Using AI for Self-Inquiry in Family Conflict:

If there are safety concerns or coercive control, the priority is your protection and clear legal boundaries—not increased relational engagement; please consider your own circumstances while you review the following content.

Relational skills that you can learn:

  • De-escalation under pressure (not taking the bait; shortening conflict cycles)
  • Reality-testing (separating facts, stories, and fears)
  • Boundary clarity (what you will/won’t respond to; timing; channel)
  • Repair language (how to re-enter after rupture)
  • Child-centered decision filters (values → choices)

​AI can be an unexpected tool for exploring your own participation in conflict — especially the patterns you can’t quite see from inside the storm. If you haven’t already, I invite you to read the vignette on my About page (“My Cello and ChatGPT”), which shows what reflective dialogue with an AI can look like.

What this is (and isn’t)Tools like Claude and ChatGPT can help you explore your own thoughts, emotional triggers, assumptions, and conflict habits.

This is not:
  • legal advice
  • case strategy or coaching on “how to win”
  • therapy, diagnosis, or crisis support
Think of it as:
  • a mirror that helps you notice patterns you might be missing
  • a space to ask difficult questions without judgment
  • a practice ground for self-inquiry and accountability

How to use it well: Start with curiosity, not certainty. The quality of your inquiry determines what you discover.
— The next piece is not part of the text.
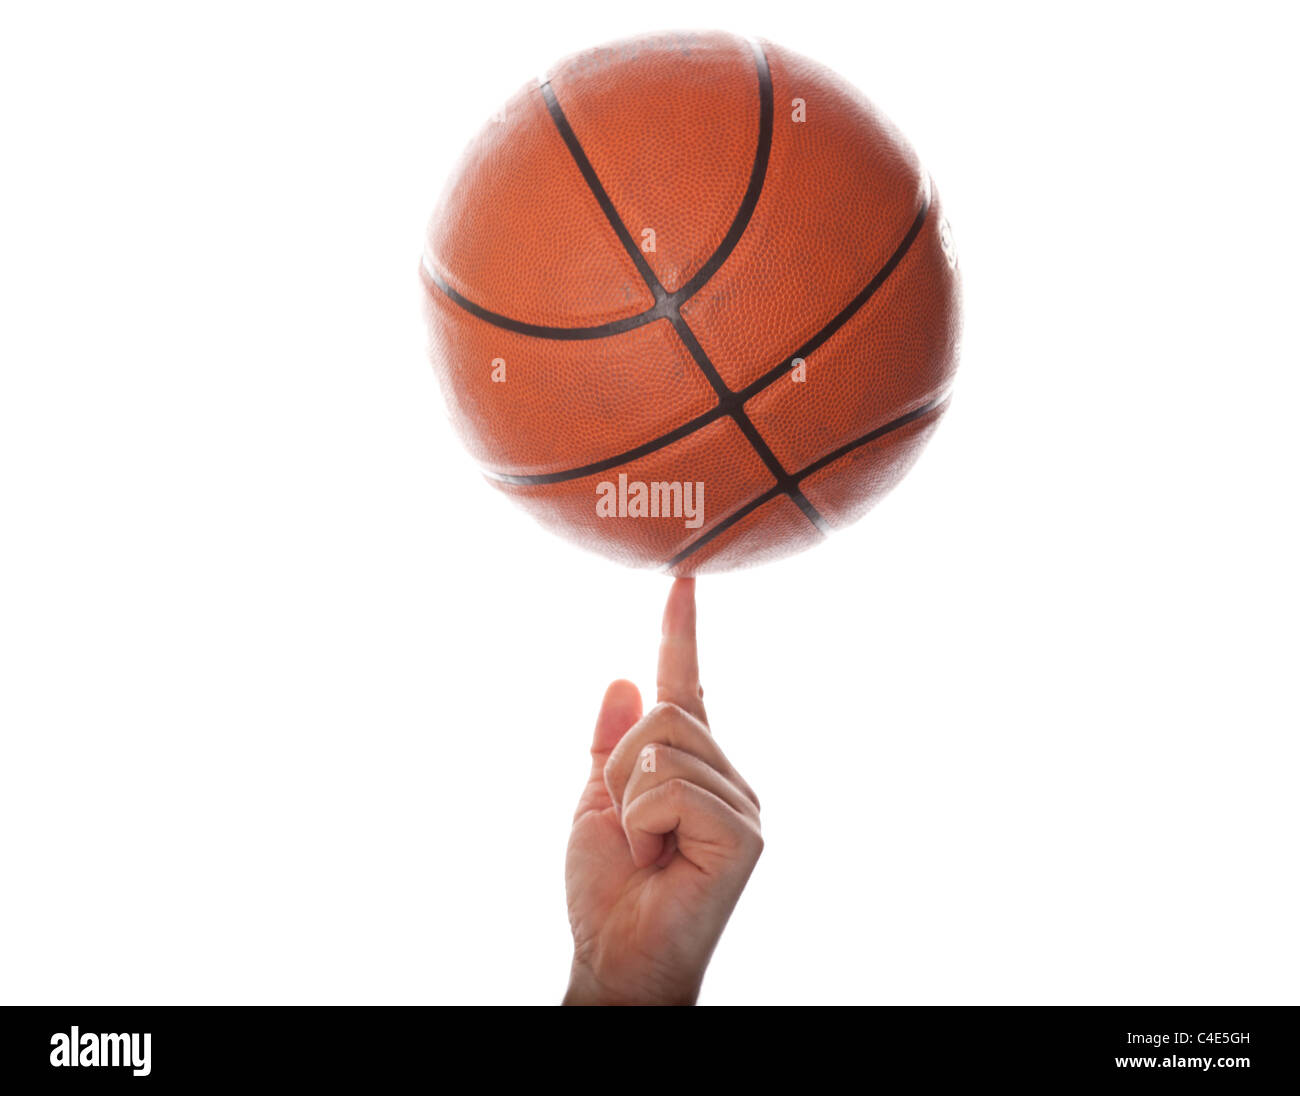 Immagine di palla da basket vettoriale immagini e fotografie stock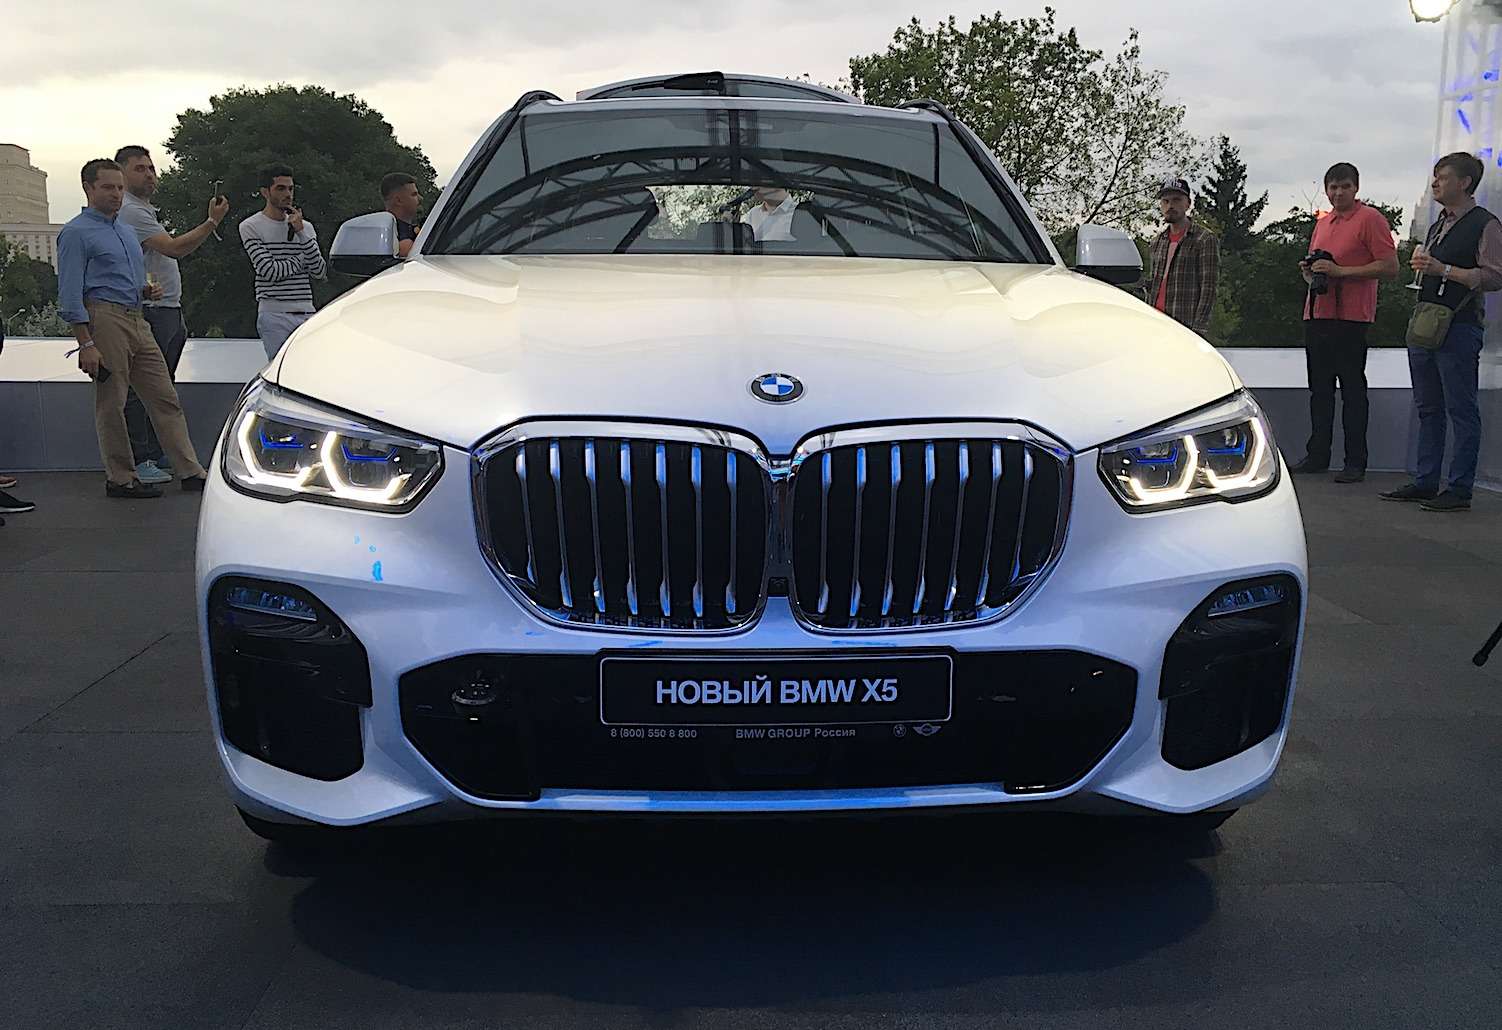 Абсолютно новый BMW X5 всплыл в Москве. Задолго до официальной премьеры! — фото 889843

AI responds very differently to genuine curiosity than it does to requests for validation or tactics.

Questions that open inquiry
  • “I’m in conflict with my co-parent. I know I’m contributing somehow but I can’t see how. Help me explore my part in this dynamic.”
  • “I feel rage every time they’re late for pickup. What might that rage be protecting? What am I actually afraid of?”
  • “I keep labeling my ex as disordered. What does that labeling do for me? What might I be avoiding by making them the problem?”
  • “What am I teaching my children about conflict by how I’m handling this?”
  • “If this conflict resolved tomorrow, what would I have to face then?”
Questions that close inquiry
  • “How do I win against my ex?”
  • “Tell me what to do about custody.”
  • “My ex is a narcissist. Confirm this for me.”​                                                     

Important notes:

Privacy and confidentiality
Treat AI conversations as not confidential. Do not enter names, addresses, identifying details about your children, or information you would not want shared. Review the platform’s privacy terms yourself and use your best judgment.

This is for internal work
Use AI to understand yourself better — not to build a case, gather ammunition, or rehearse tactics. Insights may inform your decisions, but this is not strategic planning.

It takes practice
Your first conversation may feel awkward. That’s normal. Like any reflective practice, skill develops over time.

You’re in control
Use it as much or as little as feels helpful. One conversation can be clarifying; others develop an ongoing practice.

Not everyone is ready
If you mainly want validation that your ex is the problem, this tool probably won’t help right now — and that’s okay. Self-inquiry requires readiness.
​
Getting started
  1. Create an account with the AI tool of your choice (Claude or ChatGPT).
  2. Pick one specific situation that’s bothering you.
  3. Ask for help exploring your participation in that situation.
  4. Be willing to be surprised.
  5. If something feels useful, bring the insight back into our work together.
The goal isn’t to fix everything. It’s to see yourself more clearly.
That clarity itself changes what becomes possible.

A suggested first prompt:

“Here’s the specific moment in my separation that spikes me (2–3 sentences, no names). When it happens, my body does ___ and I tell myself ___. Help me explore: (1) what this reaction is protecting, (2) what I’m afraid would happen if I didn’t react this way, and (3) one small next step that would reduce harm for my children.”

If you feel rage:
  • “What is this rage protecting?”
  • “What am I afraid would happen if I softened?”
If you feel stuck in blame:
  • “What do I get to avoid by making them the problem?”
  • “What part of this dynamic is mine to change?”
If you feel lost:
  • “What do I most want my children to remember about how I handled this?”
  • “What would dignity look like in the next 24 hours?”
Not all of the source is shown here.